So I've been thinking a lot over the last few months about starting a blog! A lot of times, things happen during the day that I think "huh, wish I had someone to share this with!" A weird thing about me though, is that I'm kinda a private person... This is a hard thing to explain, so bear with me!
I don't share much on facebook, and I'm not sure why. It's almost like I don't want people to know that much about me (I hardly ever post photos, and haven't posted one of my boyfriend, even though we've been together over a year!). The idea of sharing things on a blog to strangers online almost makes me feel better, like I don't have to worry so much about what people might think, as I don't know them. On the other hand, it's scary, because I'm sharing things about my life with strangers on the internet!! Does that make sense? It's almost like I know the people in real life that I don't want to know things about me, and by keeping it private or not posting, they never will. But, on the other hand, I could be passing up opportunities to share stuff with some really cool people...

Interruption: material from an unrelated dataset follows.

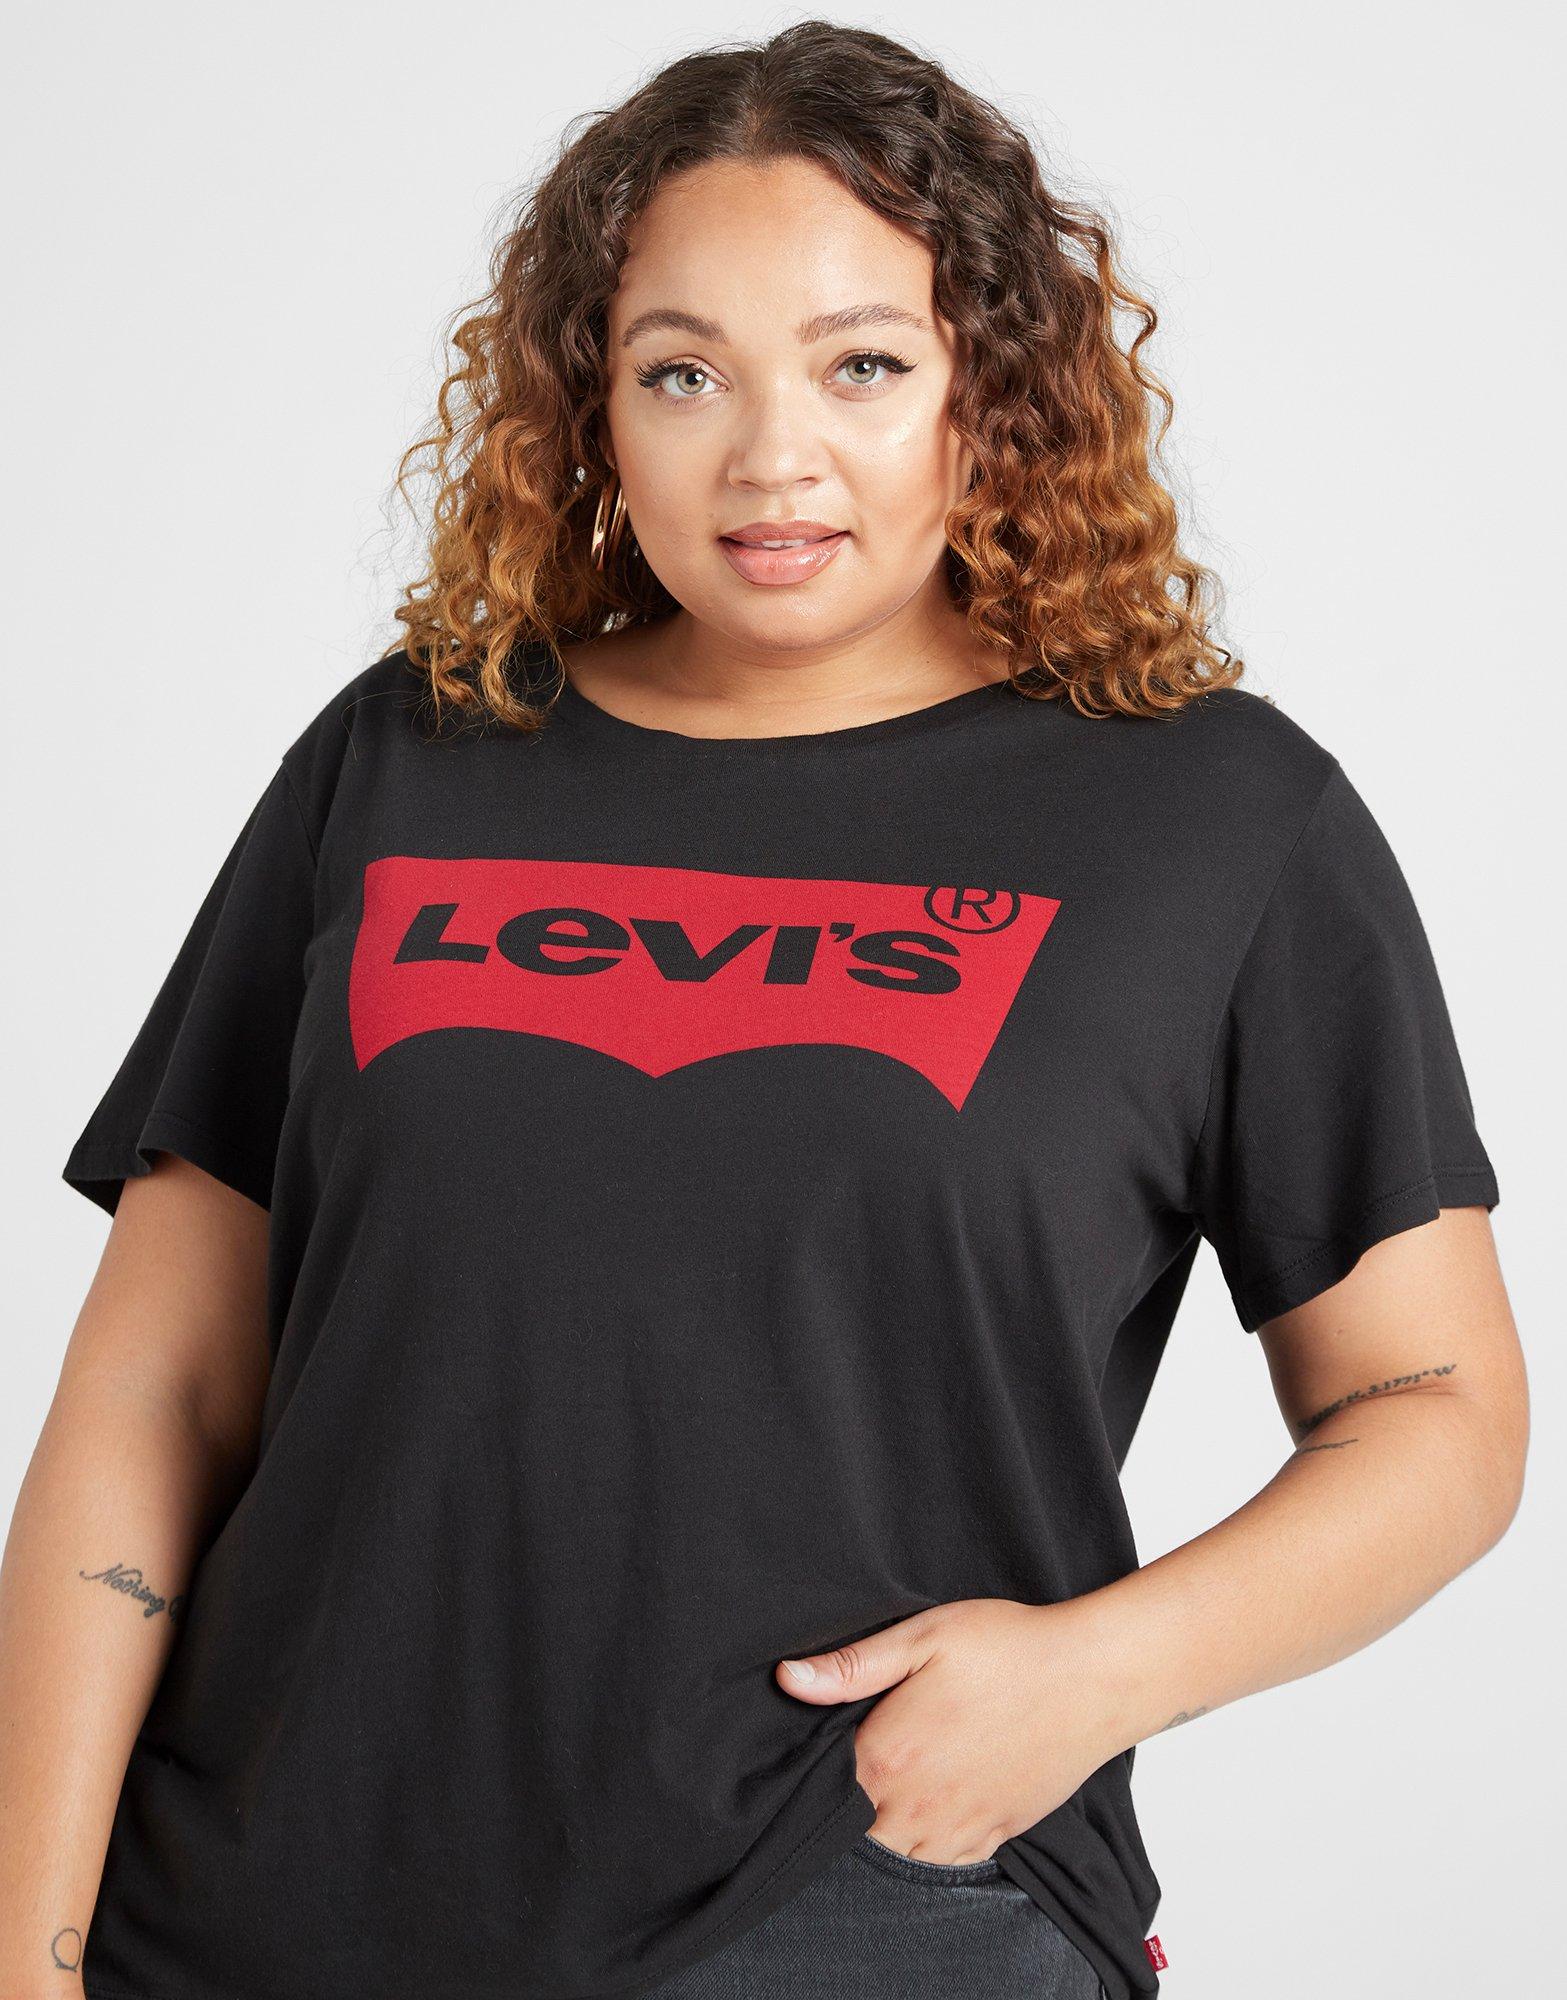 Black Levis Perfect Plus Size T-Shirt

Also, I always have a hard time thinking of user names, etc. But I feel like I could almost start blogging right away, but don't have a name or theme picked out...

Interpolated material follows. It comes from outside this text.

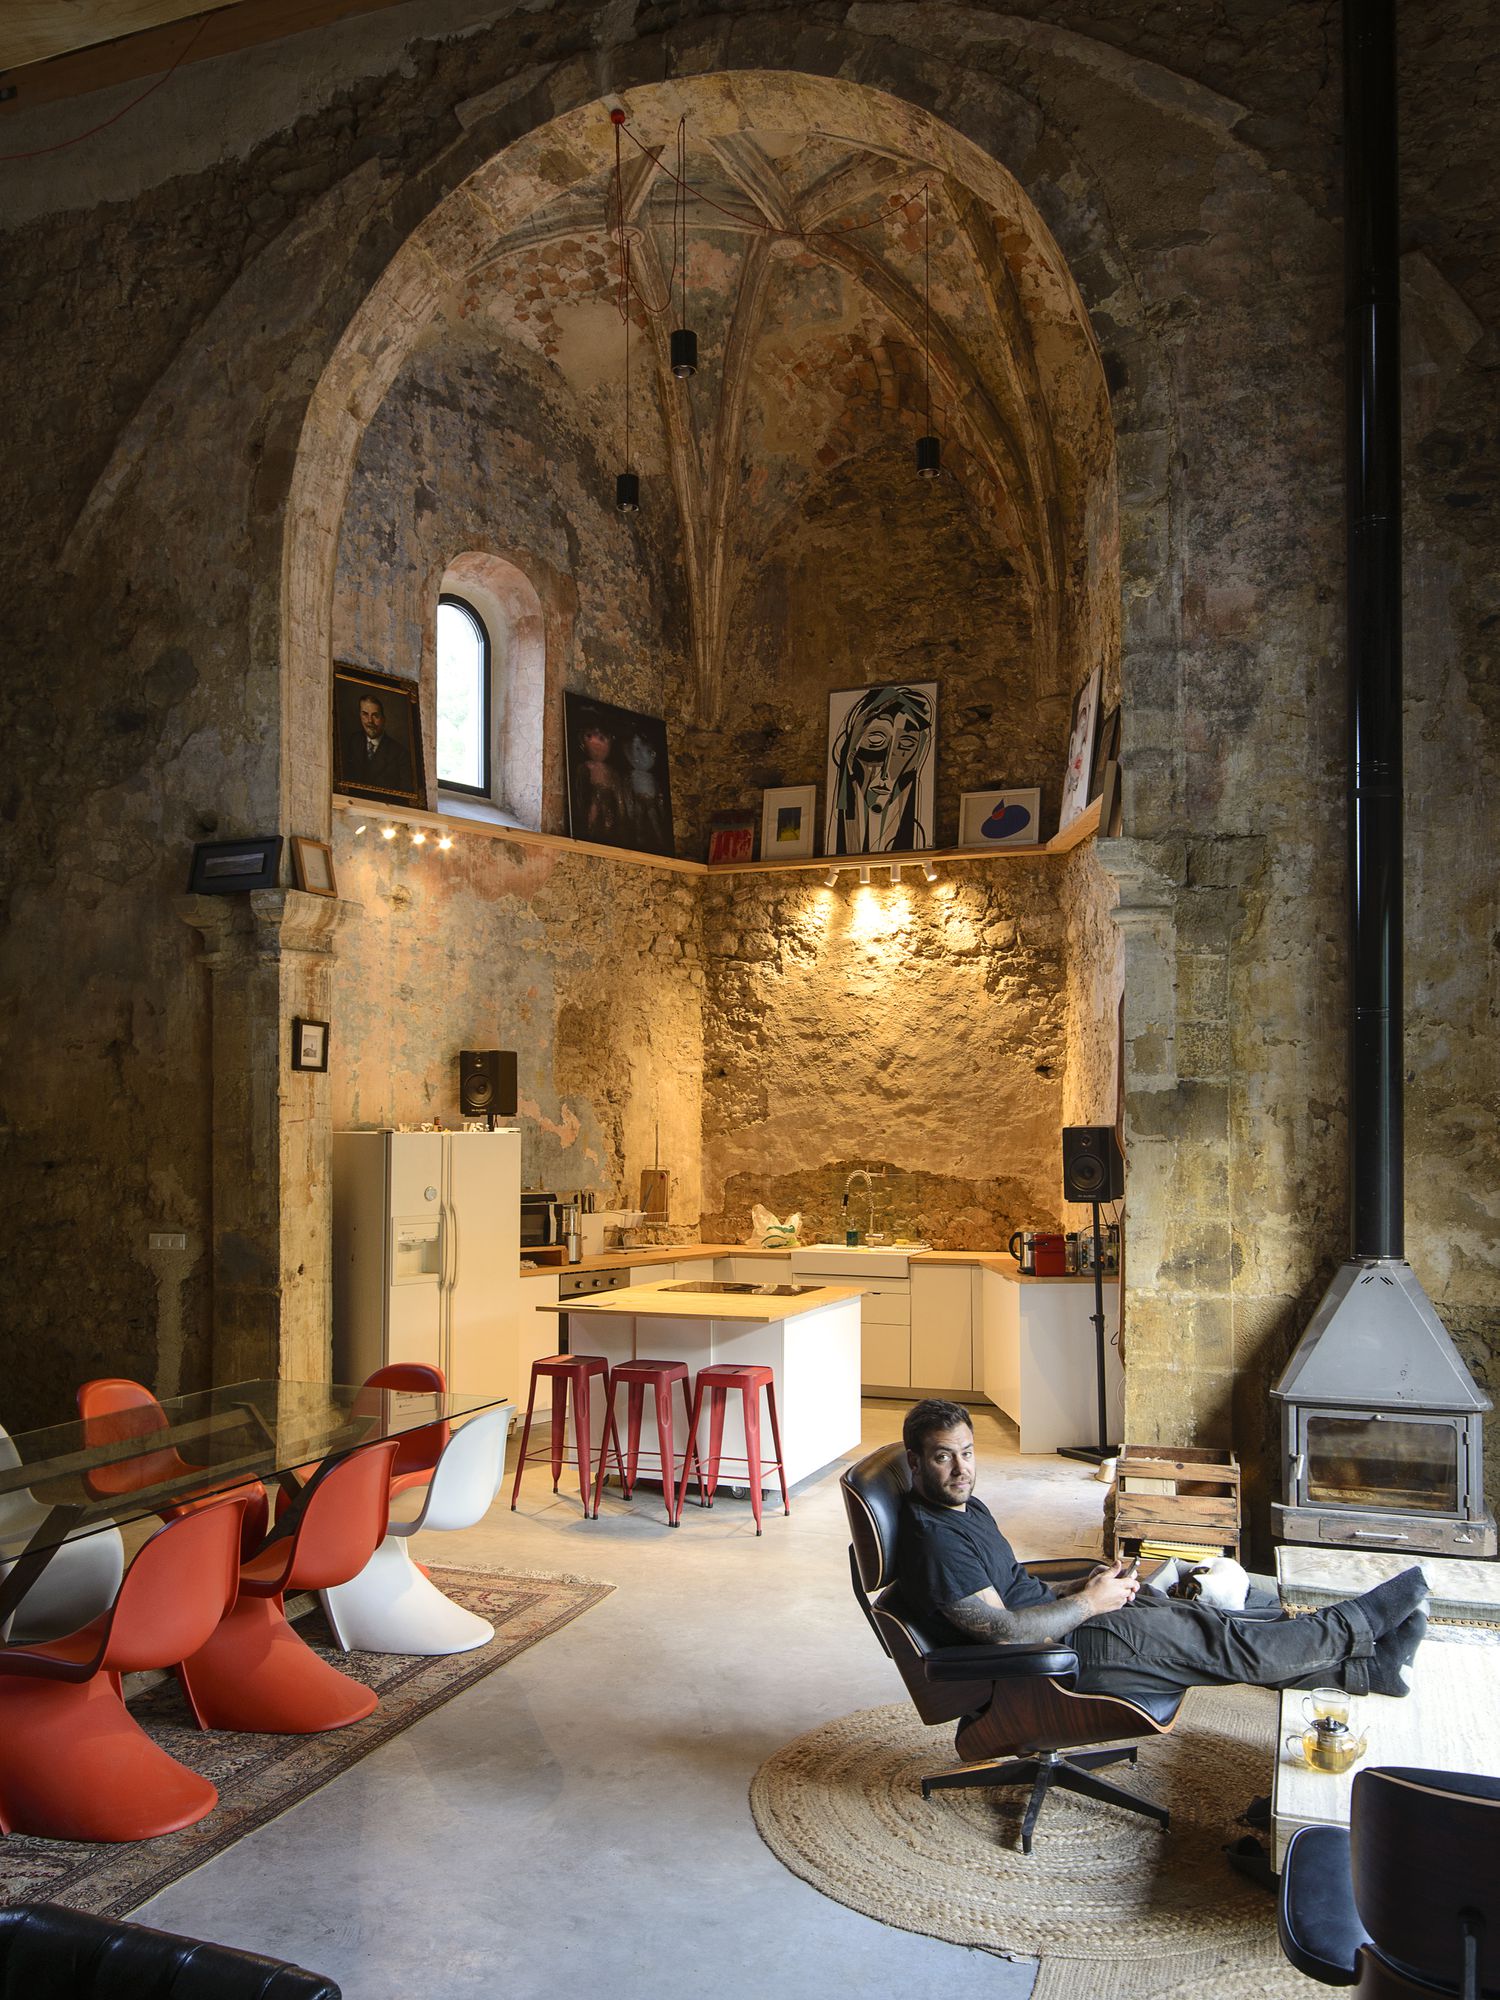 FOTO. Biserică din secolul XVI transformată în locuință. „A fost ca un vis așteptat de orice arhitect”

It would just be a lifestyle blog, as I don't do one thing exclusively (cook, craft, sew, make art, etc, I do a little bit of everything!) but worry I wouldn't have enough content to make regular posts...
I just wonder if anyone has any tips or anything! It would just be for fun, I don't aspire to become a full time blogger, or make money from it or anything (if that were to happen, great! Although the fame thing would take a while to get used to... how do people deal with internet fame anyway?)
And also getting over the shyness thing... it's a real hinderance sometimes!